Comment 272 for bug 217908

Revision history for this message
Tom Jaeger (thjaeger) wrote : Re: [Bug 217908] Re: FFe: Pixellated Images in Firefox/Opera due to incorrect EXTEND_PAD implementation in several video drivers

kenjo wrote:
> On Wed, 2009-11-18 at 01:57 +0000, Tom Jaeger wrote:
>>> First could someone explain exactly what feature in the graphics driver
>>> people think is wrong.
>> Many graphics drivers didn't use to accelerate composite operations with
>> repeat type PAD (and REFLECT) correctly. This was a year ago; i believe
>> these issues have long been fixed.
>
> not here I still have really bad scale problems with firefox.

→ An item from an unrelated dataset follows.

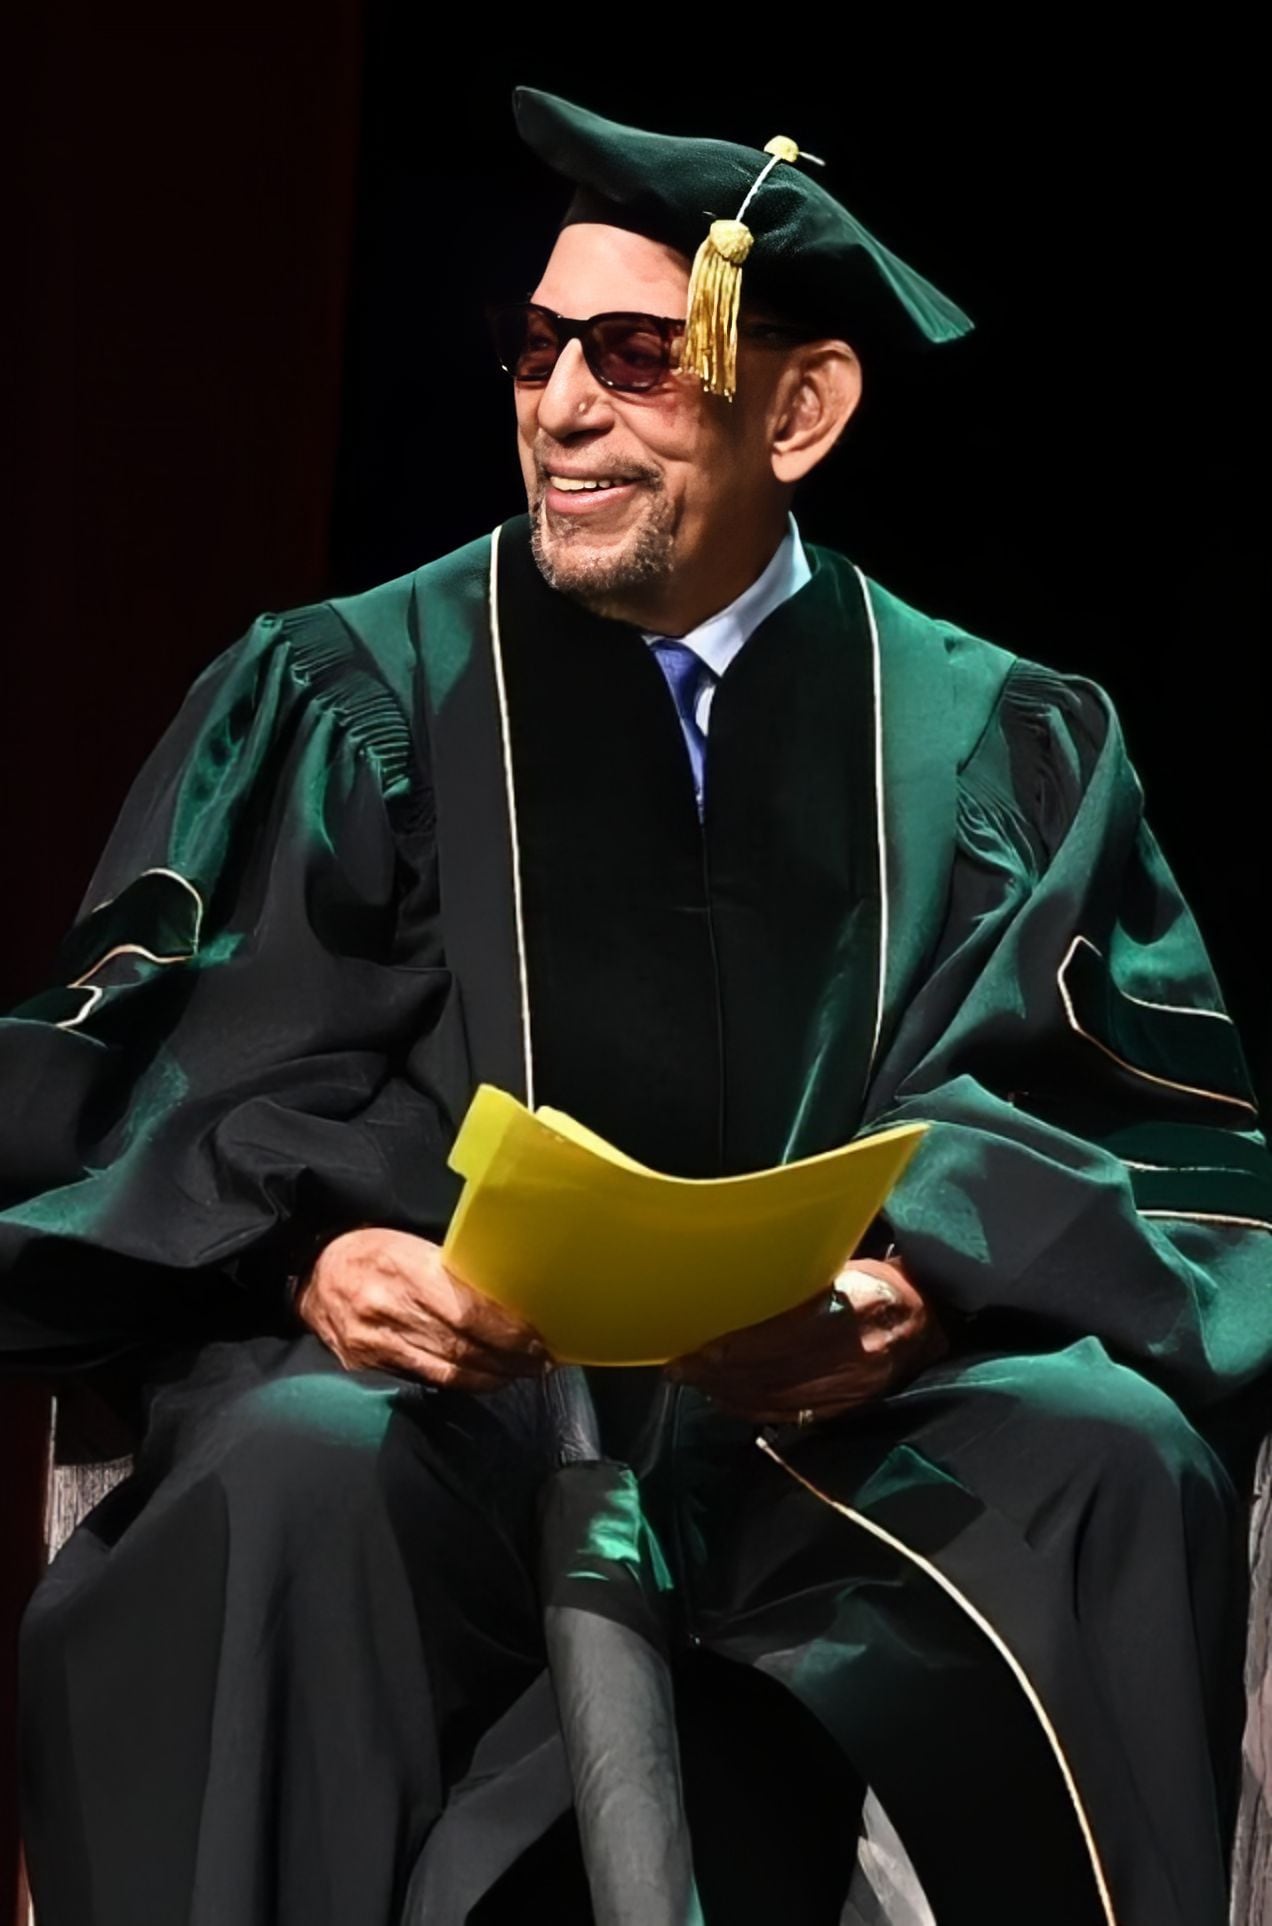 El director de orquesta y percusionista puertorriqueño Willie Rosario recibió el grado de Doctor en Música honoris causa, otorgado por la Universidad Interamericana de Puerto Rico.
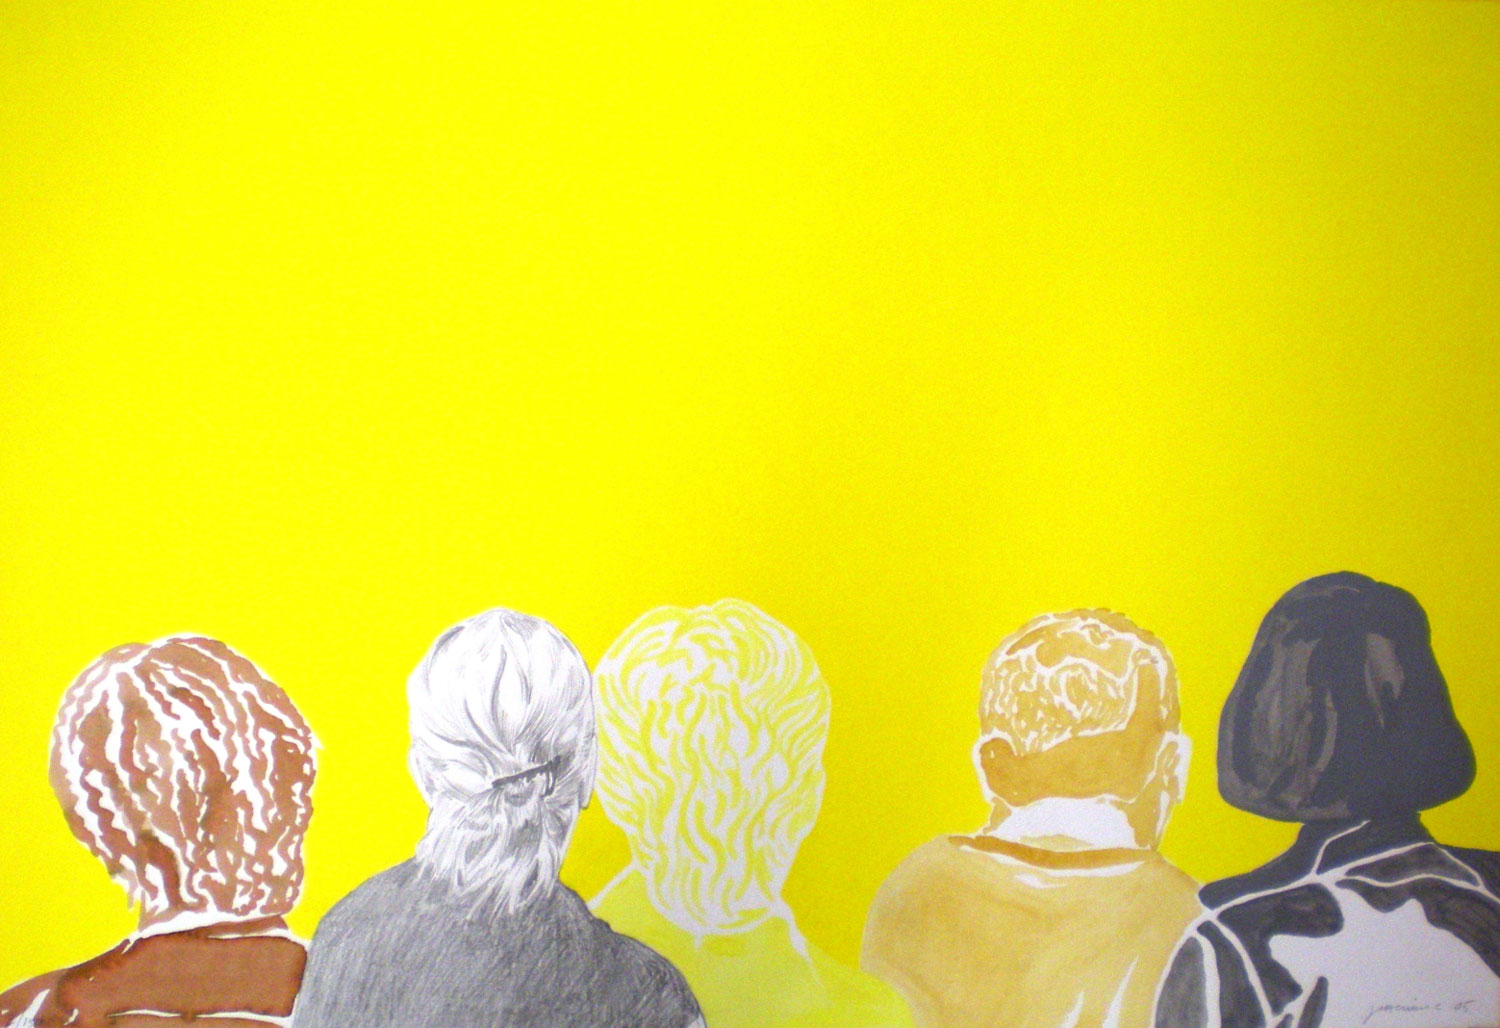 Målning. I nedre delen av bilden ser vi fem personer bakifrån, från axlarna och upp. Bakgrunden är starkt gul. De är målade/tecknade i olika färger. Den första personen har brunt lockigt hår och brun klädsel, nästa har ljust uppsatt hår, grå kläder, den är tecknad i blyerts, personen bredvid har lockigt hår målat med vit färg och den gula klädseln smälter in med bakgrunden, nästa person har gulbrun klädsel med kort hår och den sista är mörkgrå både i hår och kläder och har halvlångt hår. De kanske står och tittar på ett konstverk.

This is not a driver problem, the driver renders exactly as firefox
instructs it to.

>>> Could a small test program be written to show the error ?? has maybe
>>> someone written one already.
>> There is a very simple test case attached to this very bug report. Its
>> source surface is only 2x2 (IIRC), which might not hit an accelerated
>> path on every driver;
>
> hmm I have attached the scale_error.tar.gz and that is simply a example
> html page with a image scale. what I wanted as example was C code that
> only uses X to provoke the problem.

comment #33

>
>> there's a test case with a larger source surface
>> attached to the -ati driver bug report.
>
> where is this ?? I cant find it.
At the top of the page:

https://bugs.freedesktop.org/show_bug.cgi?id=19712

>>> This needs to get solved one way or the other having a fix outside the
>>> normal distribution is not acceptable. but working around the problem in
>>> only firefox obviously is not the correct fix.
>> No, firefox is the correct place to fix this issue. Firefox asks for
>> nearest-neighbor interpolation because on unpatched cairo 1.8.6,
>> bilinear filtering forces a slow client-side fallback to insure correctness.
>>
> but if it's a driver bug there would be nothing to fix in firefox.
> if it is a firefox bug on the other hand the yes obviously

As explained many times before, firefox disables bilinear filtering due
to hitting a slow path in cairo. The underlying issues are fixed now,
but firefox continues to use the same workaround that was needed before.